Police officers ‘choked’ Jameek Lowery in ambulance, alleges family’s wrongful death lawsuit | Paterson Times Paterson Times

Police officers ‘choked’ Jameek Lowery in ambulance, alleges family’s wrongful death lawsuit

By Jayed Rahman
Published: July 10, 2020

Jameek-Lowery-protest-city-hall

Jameek Lowery, the man who died after begging for help at the Paterson police headquarters last year, was allegedly “choked” by police officers inside an ambulance en route to St. Joseph’s Regional Medical Center, according to a lawsuit.

Shaquana D. Duncan, mother of Lowery’s young child, filed the lawsuit on Wednesday. Her suit says police officers dragged Lowery out of the Frank X. Graves Public Safety Complex, handcuffed his both arms to the stretcher and strapped his waist and legs down to get him inside the ambulance.

Inside, police had to use force to restrain Lowery, who was “physically combative” towards the officers.

“The officers forcibly restrained Decedent’s head and got on top of him holding down his waist with their own bodies. While doing so, Defendants used their hands to punch and strike Decedent about his body and face and choked him around his neck,” reads the 19-page lawsuit.

The lawsuit names police officers Michael Avila, Mucio Lucero, and Kyle Wanamaker. All three are sued in their official capacity and individually.

Avila allegedly straddled Lowery’s “waist and legs forcibly pinning and restraining him to the stretcher” as Wanamaker “stood over his head holding his head and shoulders down.” A paramedic placed a mask on Lowery’s face. One of the officers allegedly pulled the hood of Lowery’s sweatshirt over his face, says the lawsuit.

“During the transport to the hospital, Decedent’s airway was restricted and he was suffering traumatic injuries from being assaulted. Prior to arriving at the hospital, Decedent’s body went limp, he lost consciousness and stopped breathing,” according to the lawsuit.

Upon arrival at the hospital, nurses discovered Lowery did not have a pulse. He was taken out of the ambulance and into the emergency room. Medical staff were able to revive Lowery. He regained pulse, but remained in critical condition suffering from brain damage and organ failure, says the lawsuit

Lowery died on January 7, 2019.

The state medical examiner later determined Lowery died from an adverse reaction triggered by the ingestion of bath salts. Authorities said police use of force did not cause his death.

Lowery’s mother, Patrice King, has rejected the medical examiner’s finding. She has claimed her son was “murdered.”

Lowery’s death sparked multiple nights of protest in Paterson.

The series of event that ended with Lowery’s death began with him ingesting “recreational drugs,” says the lawsuit. He took bath salts, according to authorities.

Lowery called 911 and sought medical help at about 2:45 a.m. on January 5, 2019.

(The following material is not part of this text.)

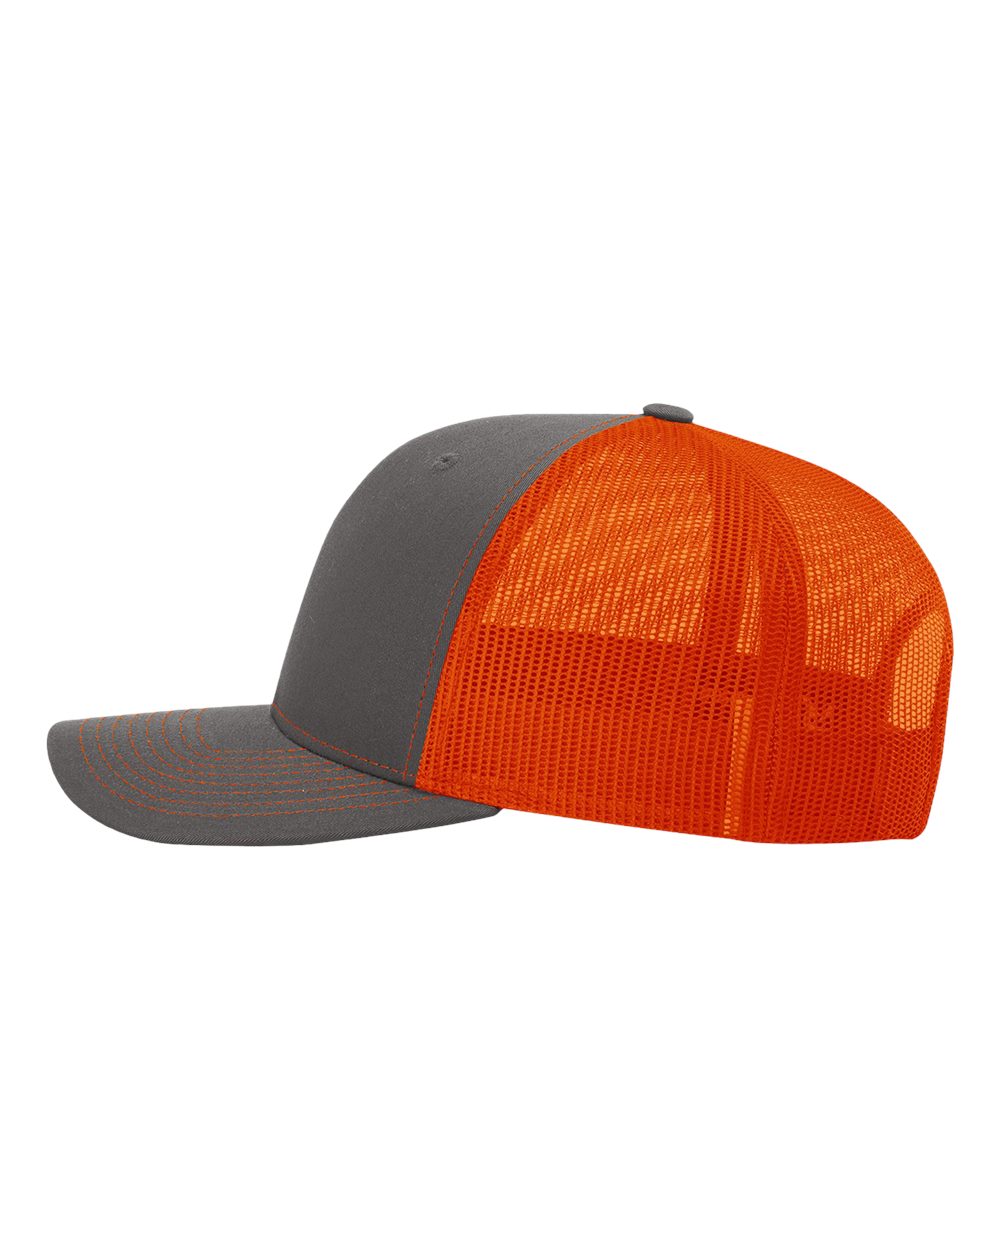 Richardson Adjustable Customized Snapback Trucker Caps, Charcoal Orange

“I think I took too many e-pills, ecstasy pills,” Lowery told the dispatcher, according to recordings obtained by the Paterson Times soon after the incident took place. “I’m paranoid.”

An ambulance arrived at his residence on Godwin Avenue and took him to St. Joseph’s Regional Medical Center.

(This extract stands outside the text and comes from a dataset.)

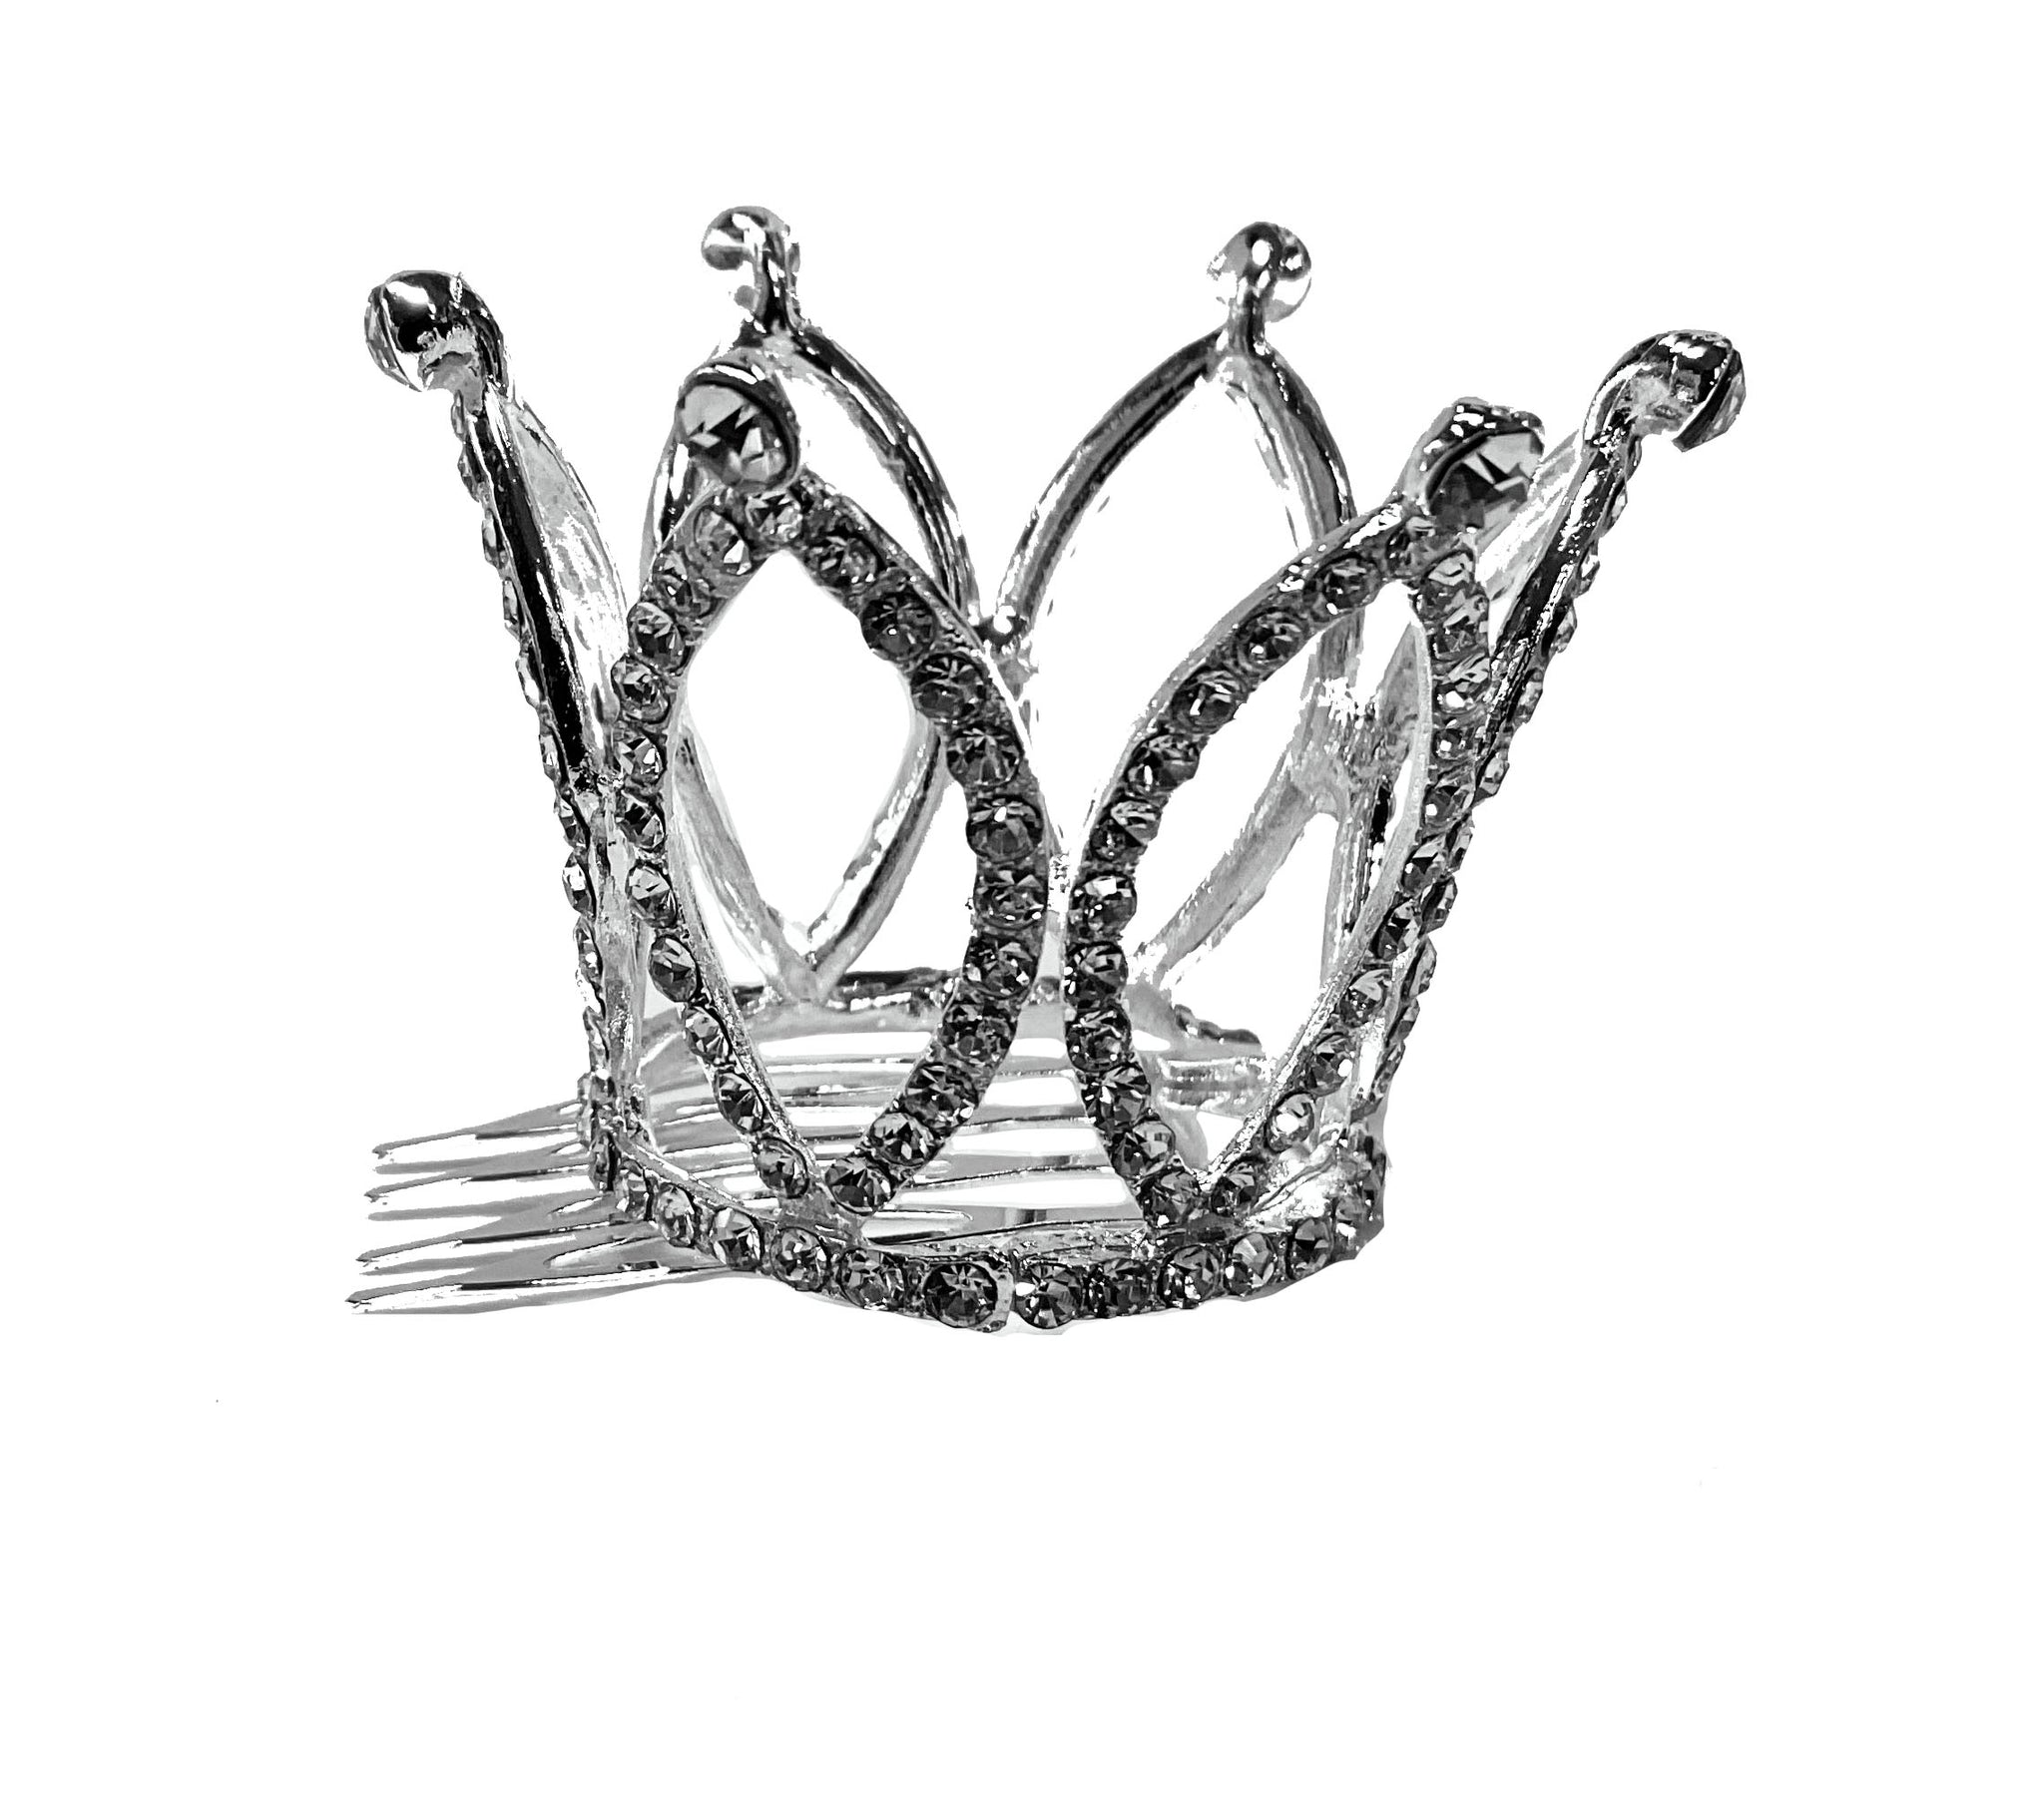 Mini Crown

At 3 a.m., Lowery arrived at the emergency room. He was accompanied by a “female friend,” according to the lawsuit. He lawsuit does not identify the friend. He was checked by the medical staff at the hospital.

Lowery told doctor Joseph Affortunato he took recreation drugs and was feeling paranoid, says the lawsuit. He “exhibited visible signs of paranoia and strange behavior,” says the lawsuit.

Affortunato discharged him from the emergency room approximately 30 minutes after his arrival. The doctor personally escorted Lowery out of the emergency room, says the lawsuit.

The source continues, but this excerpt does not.